La centralización de poder en Johnson, clave en la gestión de la pandemia
Impertérrito ante el panorama, las aspiraciones de Johnson siguen siendo a lo grande y prometen "literalmente millones de test, cada día", para primavera, pese a que los expertos admiten que no hay todavía la tecnología para tal cobertura. En su cosmología particular, vender esperanza y comprar tiempo son instrumentos más relevantes que interpretar la realidad, pero, por primera vez en su trayectoria, su querencia por insuflar ánimo podría provocar la mayor desilusión de su carrera política.
La centralización de poder en el Número 10 bajo la batuta de Boris Johnson lo convierte en el primer ministro más expuesto en décadas. Si el cargo implica ser primer y máximo responsable de cualquier crisis nacional, los cambios operados en los últimos meses han disparado la influencia de la maquinaria de Downing Street sobre cada aspecto de la gestión pública.

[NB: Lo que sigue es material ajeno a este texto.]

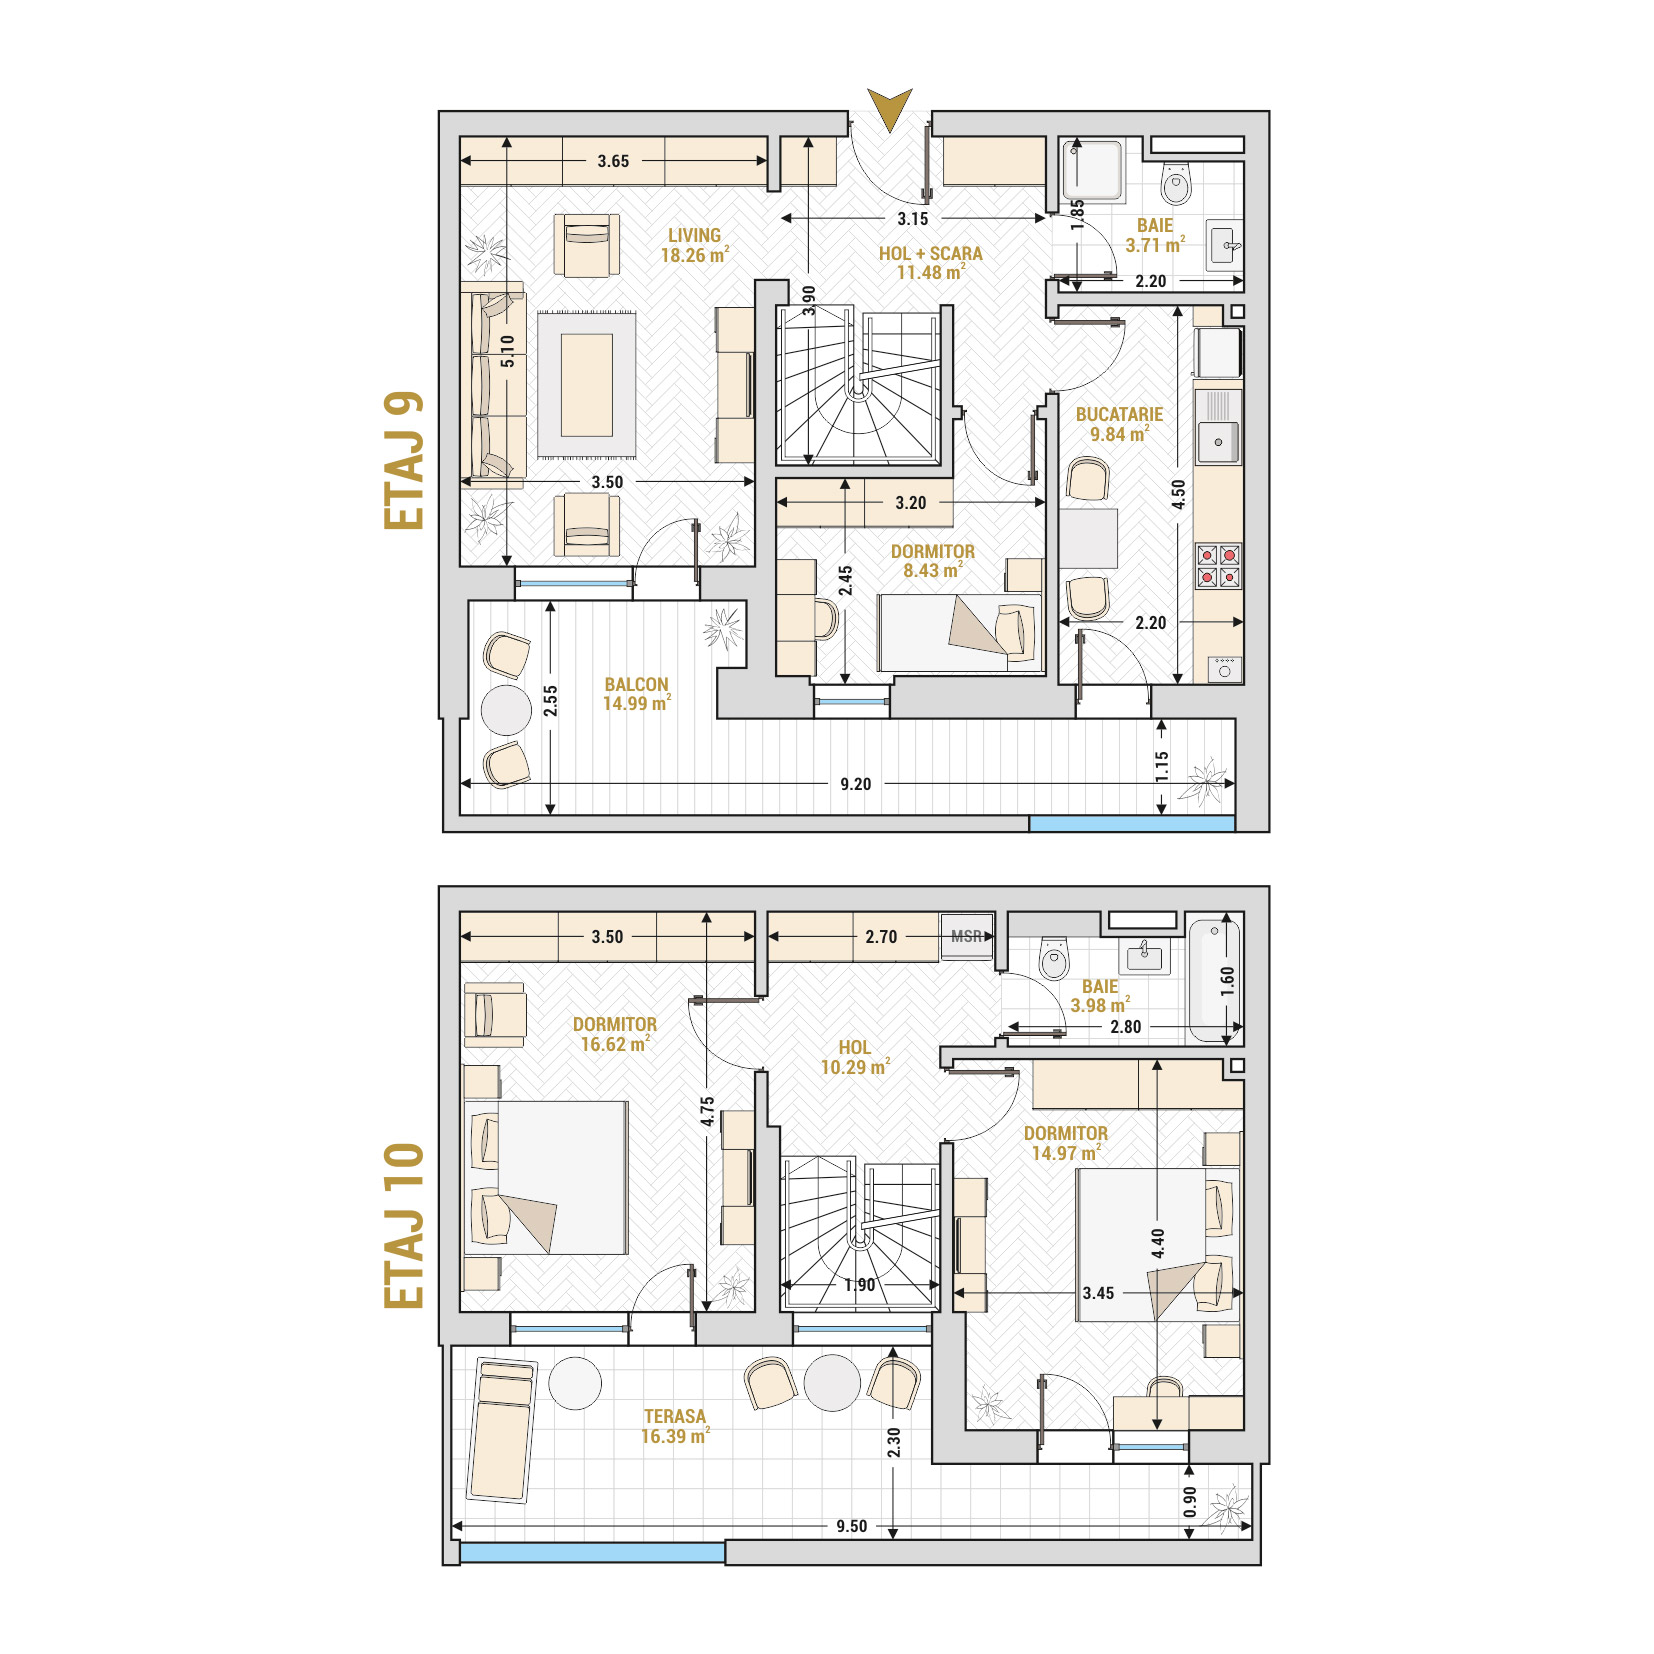 Penthouse 4 Camere Tip 3 Corp 2 - Drumul Taberei Residence - Apartamente de vanzare Bucuresti - Suprafata utila totala - 128.96 mp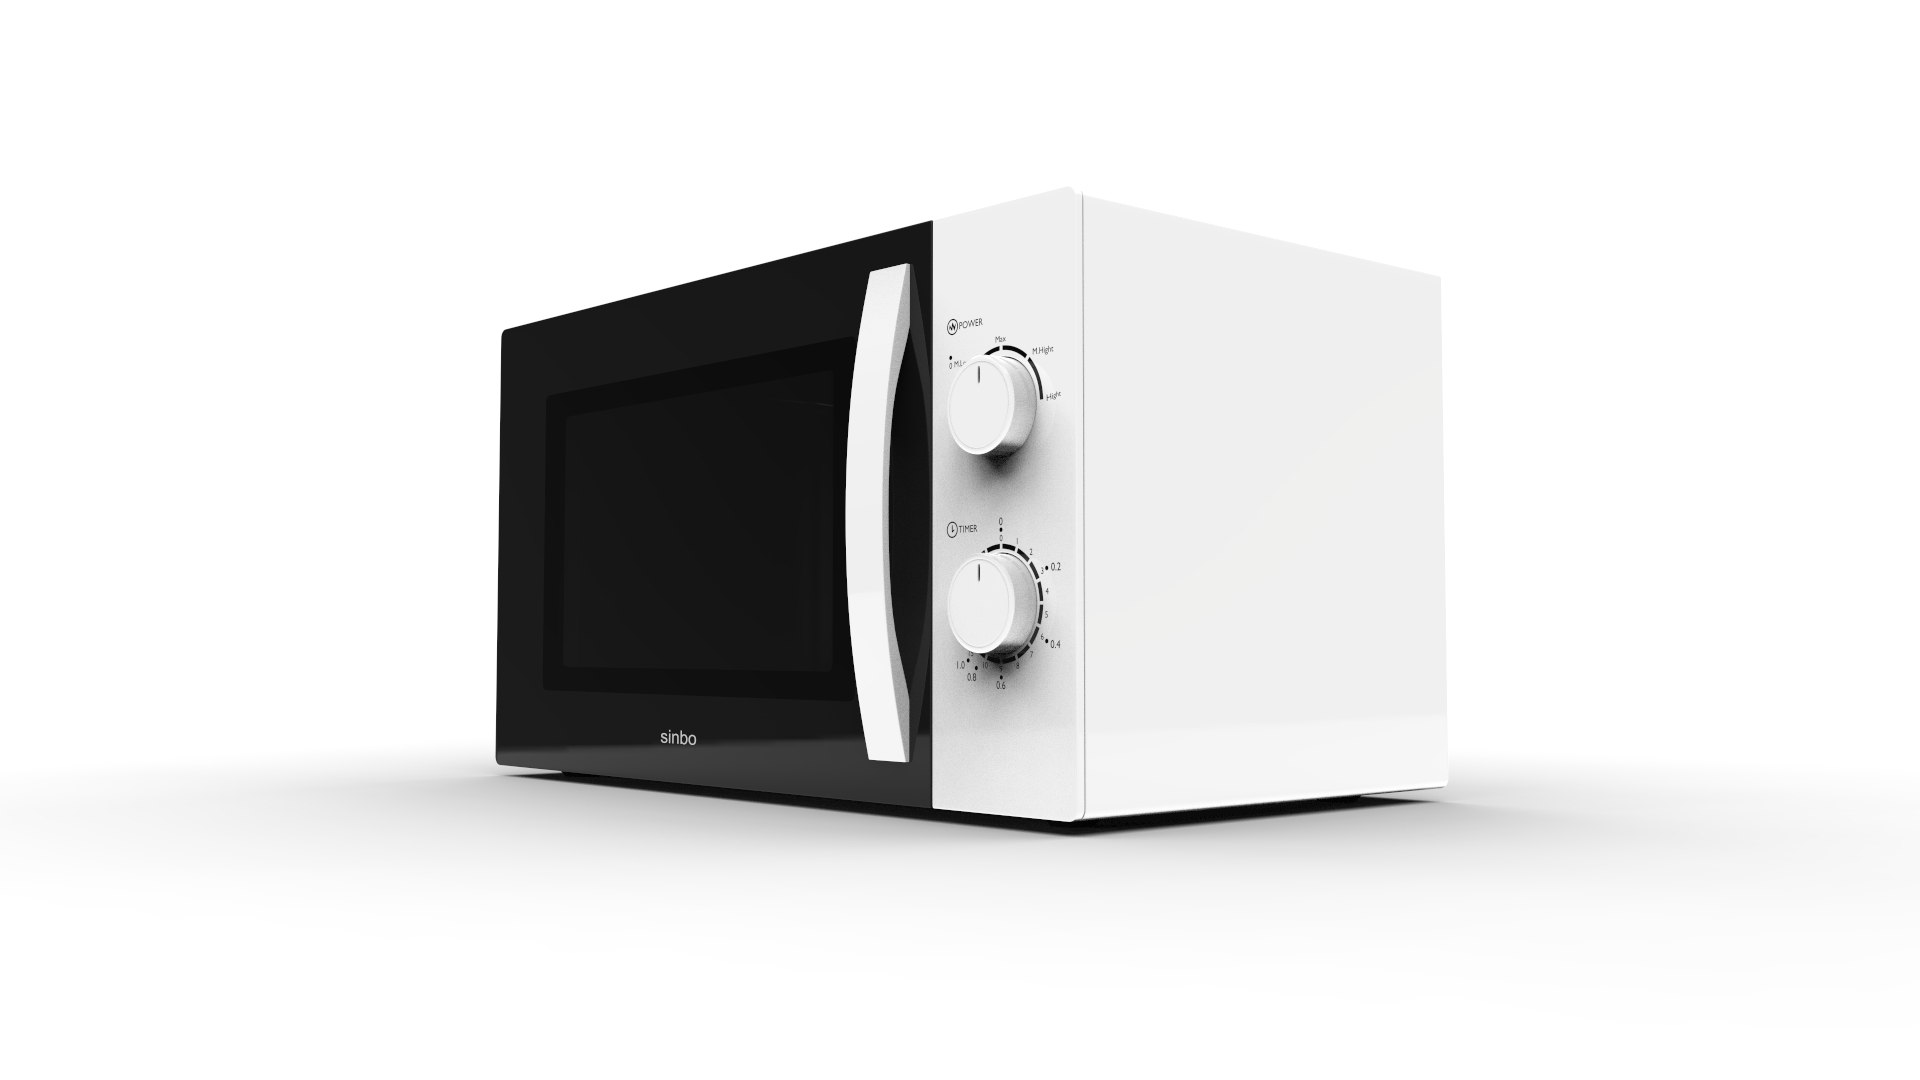 Свч н. Microwave Oven model RG-100. Микроволновая печь 3д модель. Микроволновая печь 3d модель. 3 Д микроволновая печь.

El premier lo sabe y también sus asesores, que son conscientes de que la prometida comisión de investigación para estudiar cómo se afrontó la pandemia podría hacer mucho daño para un mandatario que había estrenado mayoría absoluta tan solo en diciembre.
Más que nunca, los errores del Gobierno, tanto como los aciertos, llevan la rúbrica de Johnson, quien habitualmente dobla la apuesta con anuncios no verificados por los dirigentes de Salud Pública, obligados en no pocas ocasiones a tamizar la hemorragia verbal del primer ministro.
Su "más difícil todavía" se extiende, una vez más, a la estrategia negociadora con Europa, ante la que mantiene una bravata que amenaza con desmantelar la reputación internacional de Reino Unido como socio de confianza.